Alternatively, if $x\neq y$, then $y=\frac{1+\sqrt{2x^3+1}}{x^2}$ and we seek solutions to $$\frac{3}{3+\sqrt{3}}\left(x^2+y^2\right)=2x+\frac{4}{x^2}$$ $$\frac{3}{3+\sqrt{3}}\left(x^2+\frac{1+2x^3+1+2\sqrt{2x^3+1}}{x^4}\right)=2x+\frac{4}{x^2}$$ $$\frac{3}{3+\sqrt{3}}\left(x^6+2x^3+2+2\sqrt{2x^3+1}\right)=2x^5+4x^2$$ $$\frac{3}{3+\sqrt{3}}\left(\frac12u^2+u+1+\sqrt{2u+1}\right)=(u+2)\cdot u^{\frac23}$$ Numerical methods find two roots, at $u\approx 0.756$ and at $u\approx 29.70$. They lead to $x\approx 0.915$ and $x\approx 3.097$, with $y$ being the other root in each case. These critical points have $g(x,y)\approx 0.1044$.

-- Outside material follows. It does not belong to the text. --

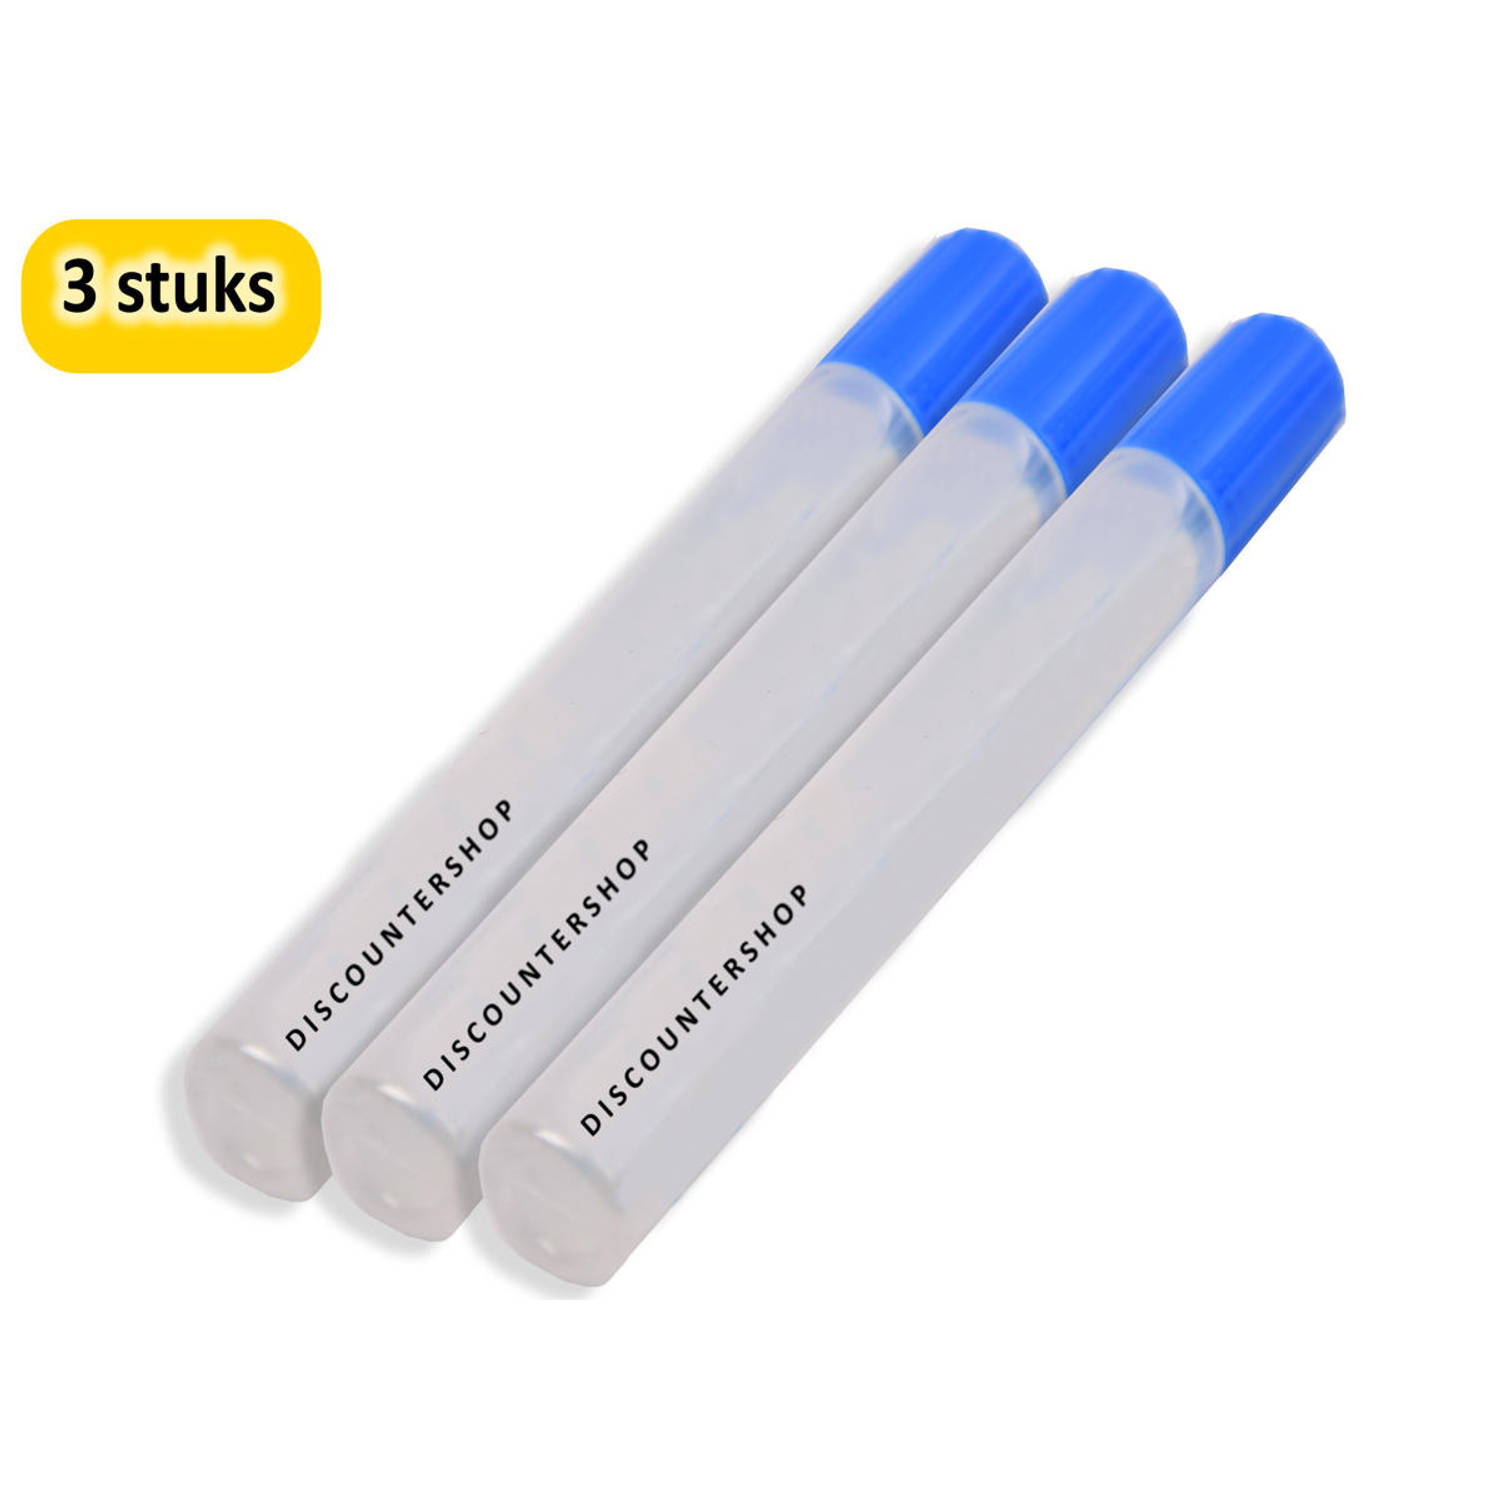 Hobbylijm Glue Pen 50 Gram - 3 Stuks Verpakking - Voor Precisiewerk en Handige Lijmtoepassingen

That's the two-dimensional boundary. Now, we look at the one-dimensional boundary, where two of $x,y,z$ are zero. WLOG, let it be the ray $x>0,y=z=0$. Let $h(x)=f(x,0,0)$, so $$h'(x)=\frac{3x^2}{2\sqrt{x^3+2}}-\sqrt{\frac{9+3\sqrt{3}}{2}}$$ This is zero when $$\frac{9}{9+3\sqrt{3}}\cdot x^2 = 2x+\frac{4}{x^2}$$ $$\frac{3}{3+\sqrt{3}}\cdot x^4 - 2x^3-4 = 0$$ This has exactly one root, at $x\approx 3.326$. At that point, $h(x)\approx 0.1956$.

Finally, the one-dimensional boundary $x=y=z=0$. At that point, $f(0,0,0)=3\sqrt{2}\approx 4.2426$.

Also, we must consider what happens as any of $x,y,z$ go to $\infty$. Suppose WLOG that $x\ge y\ge z\ge 0$. Then $f(x,y,z) < \sqrt{x^3}-\sqrt{\frac{9+3\sqrt{3}}{2}(x^2+x^2+x^2)} = x\left(\sqrt{x}-\sqrt{\frac{9+3\sqrt{3}}{2}}\right)$, which goes to $\infty$ as $x\to\infty$. The entirety of the infinite boundary is the supremum for our function.

Coda

Summarizing, the complete list of critical points:
$(x,y,z)\approx (1.582,1.582,1.582)$ for $f(x,y,z)\approx 0.0233$
$(x,y,z)\approx (1.572,1.572,1.603)$ and permutations for $f(x,y,z)\approx 0.0233$
$(x,y,z) = (1,1,1+\sqrt{3})$ and permutations for $f(x,y,z)=0$
$(x,y,z)\approx (1.982,1.982,0)$ and permutations for $f(x,y,z)\approx 0.2030$
$(x,y,z)\approx (0.915,3.097,0)$ and permutations for $f(x,y,z)\approx 0.1044$
$(x,y,z)\approx (3.326,0,0)$ and permutations for $f(x,y,z)\approx 0.1956$
$(x,y,z) = (0,0,0)$ for $f(x,y,z) = 3\sqrt{2}$
As $\max(x,y,z)\to\infty$, $f(x,y,z)\to\infty$

The smallest value of $f$ at any critical point is $0$ at $(1,1,1+\sqrt{3})$. This is therefore the global minimum of $f$, and we have the inequality $f(x,y,z)\ge 0$ for all $x,y,z$. That is the inequality we wanted to prove, and we're done.